- **Data provided**:
· · ·
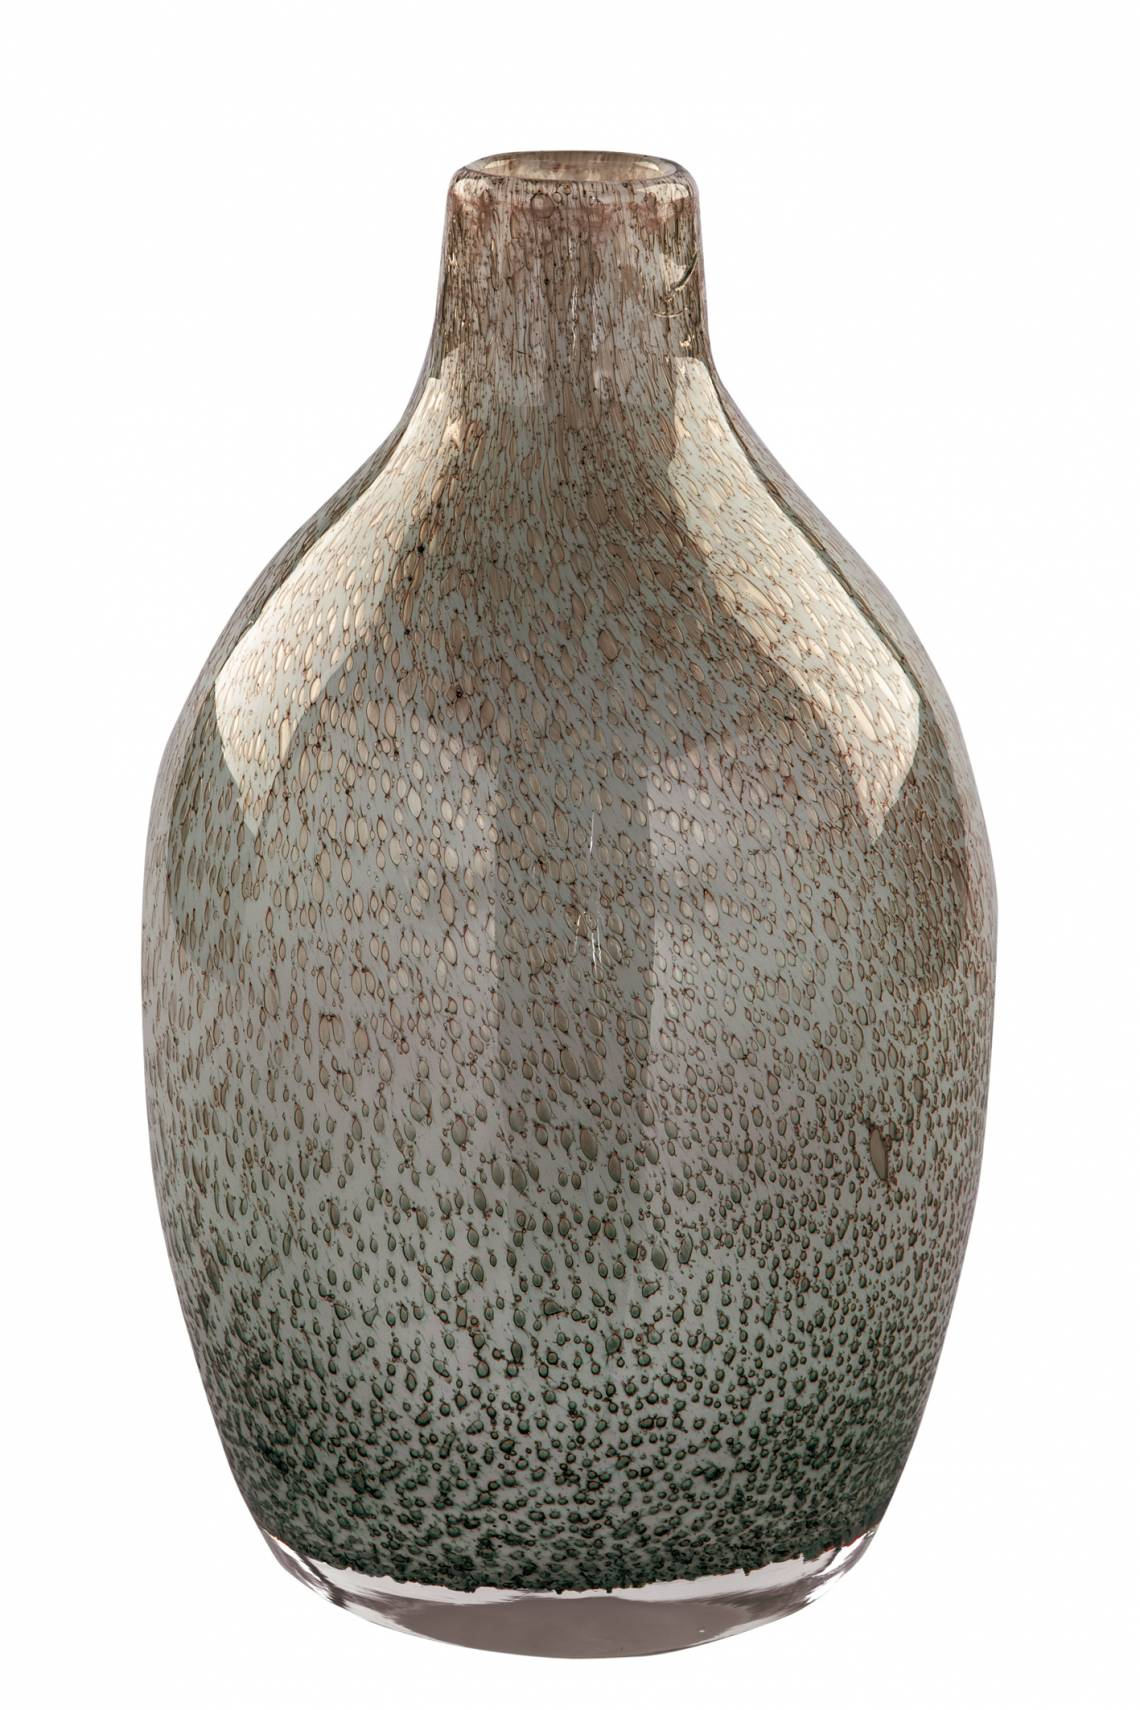 Fink Living SILVA / Glasvase, mundgeblasen, grau 115118
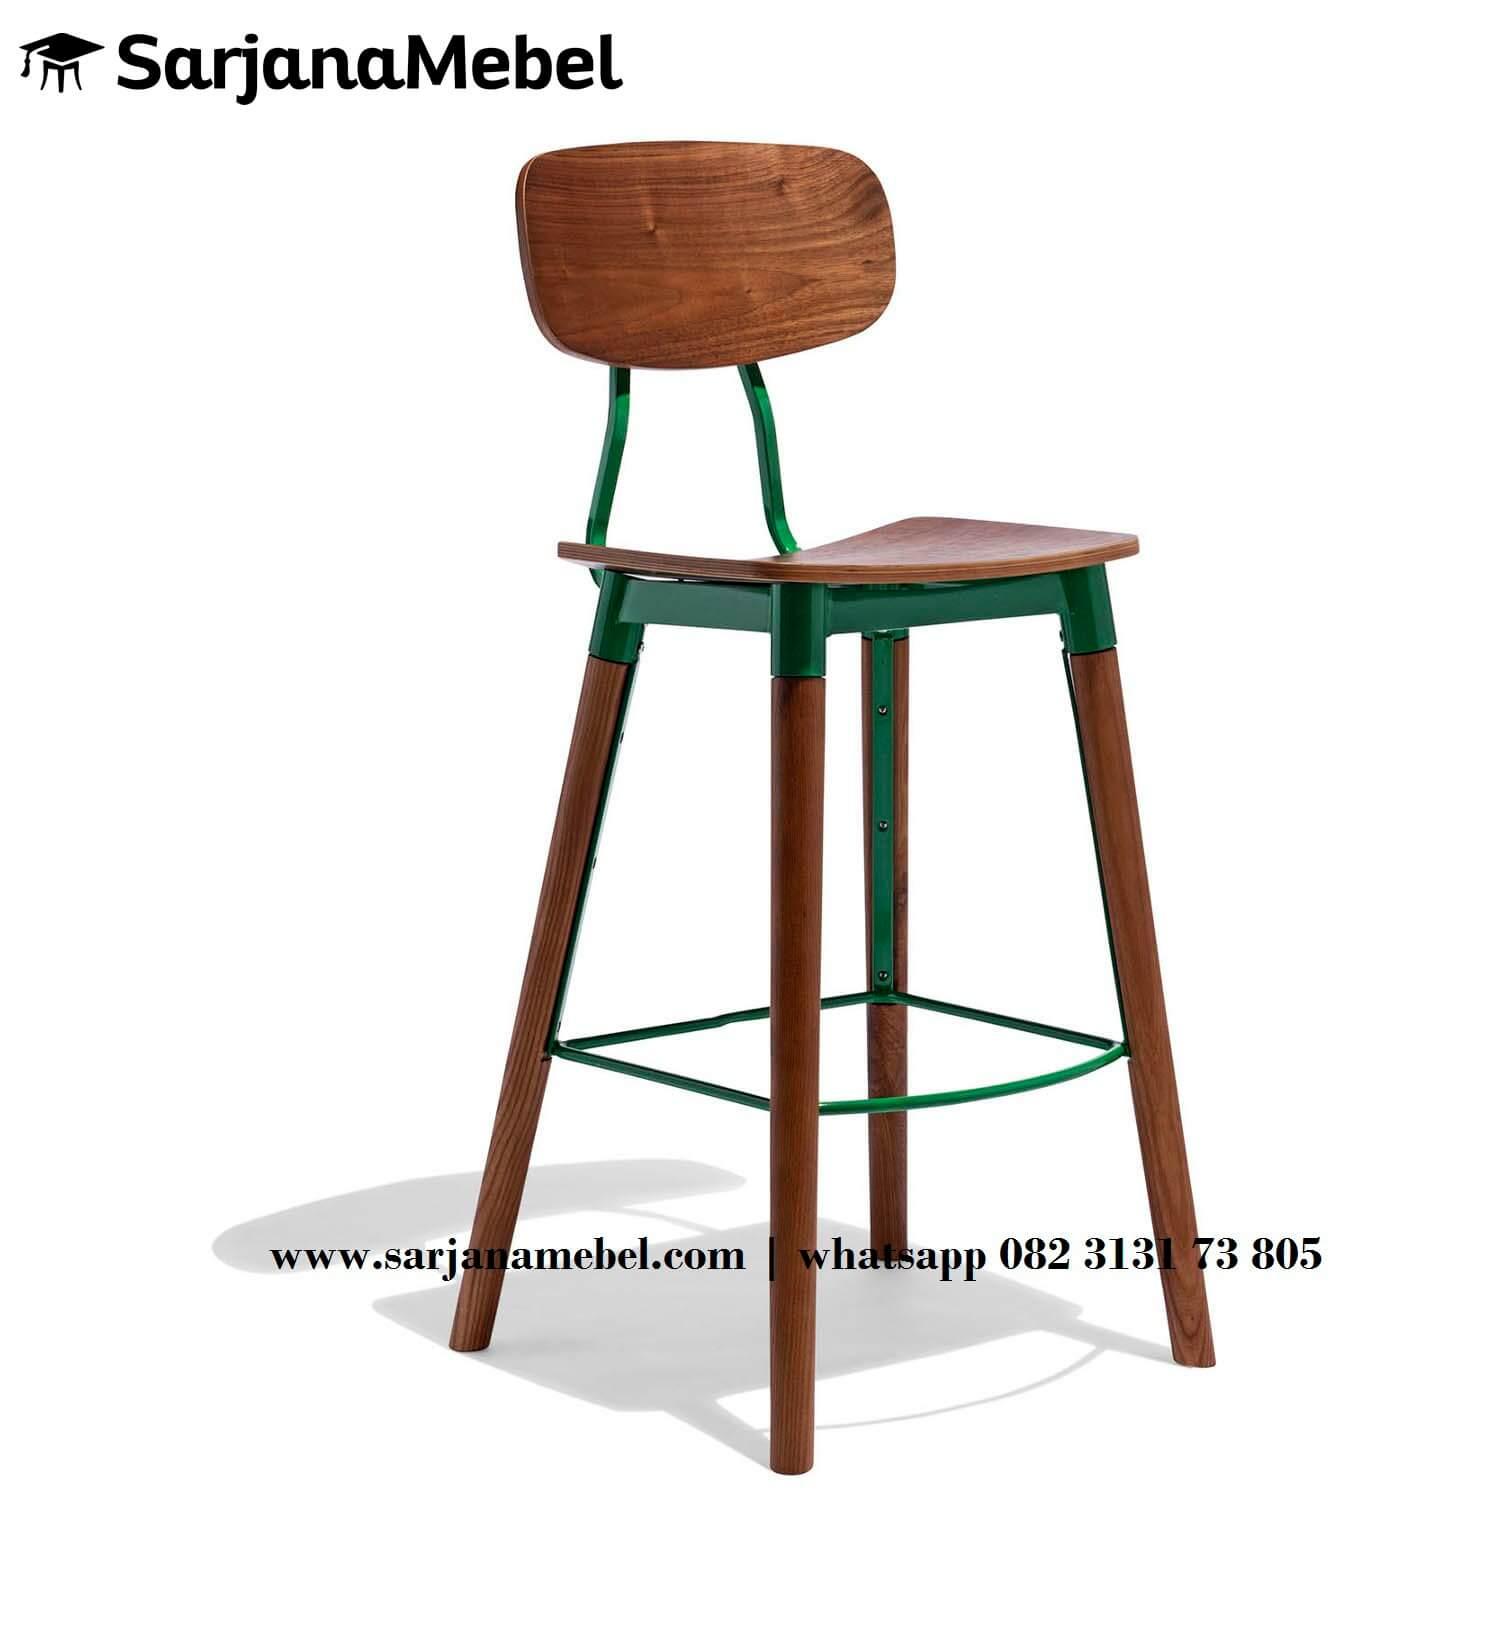 Gambar Kursi Bar Industrial Kayu Jati Rangka Besi
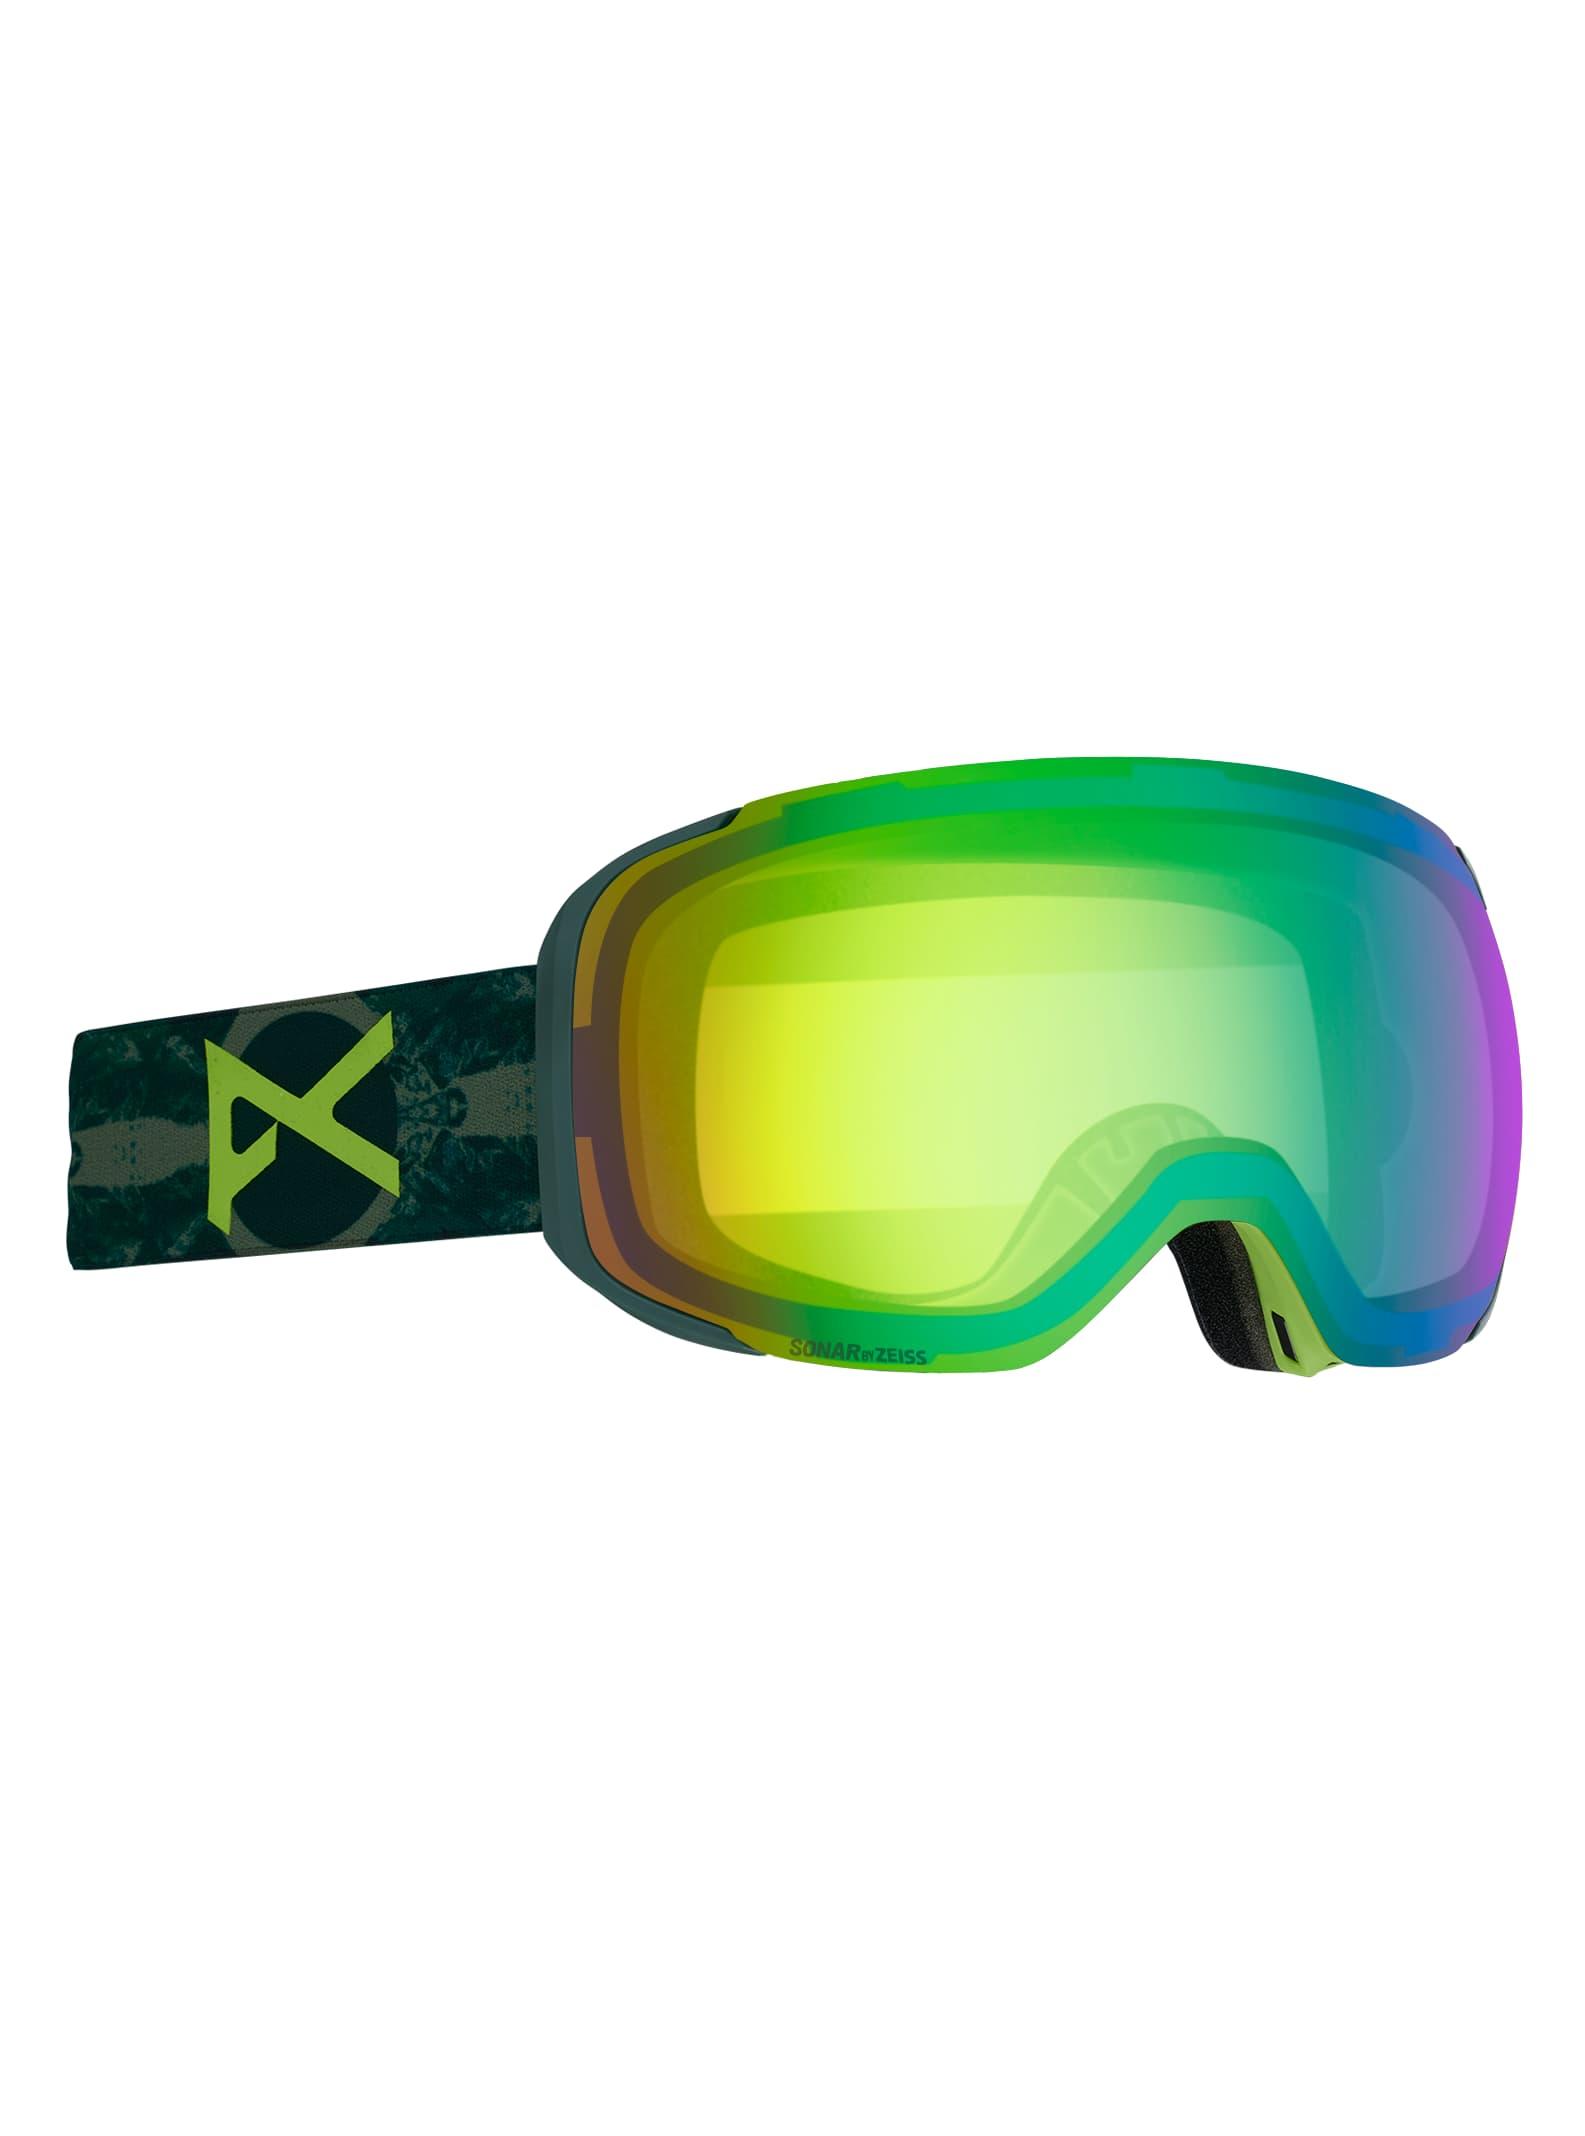 Anon Men's M2 Goggle + Spare Lens, Frame: Deer Mountain, Lens: SONAR Green, Spare Lens: SONAR Smoke
· · ·
- **Exercise requirements**:
Word for word, give the data above again, without any images.

- **Exercise result**:
 Fink Living SILVA / Glasvase, mundgeblasen, grau 115118
 Gambar Kursi Bar Industrial Kayu Jati Rangka Besi
 Anon Men's M2 Goggle + Spare Lens, Frame: Deer Mountain, Lens: SONAR Green, Spare Lens: SONAR Smoke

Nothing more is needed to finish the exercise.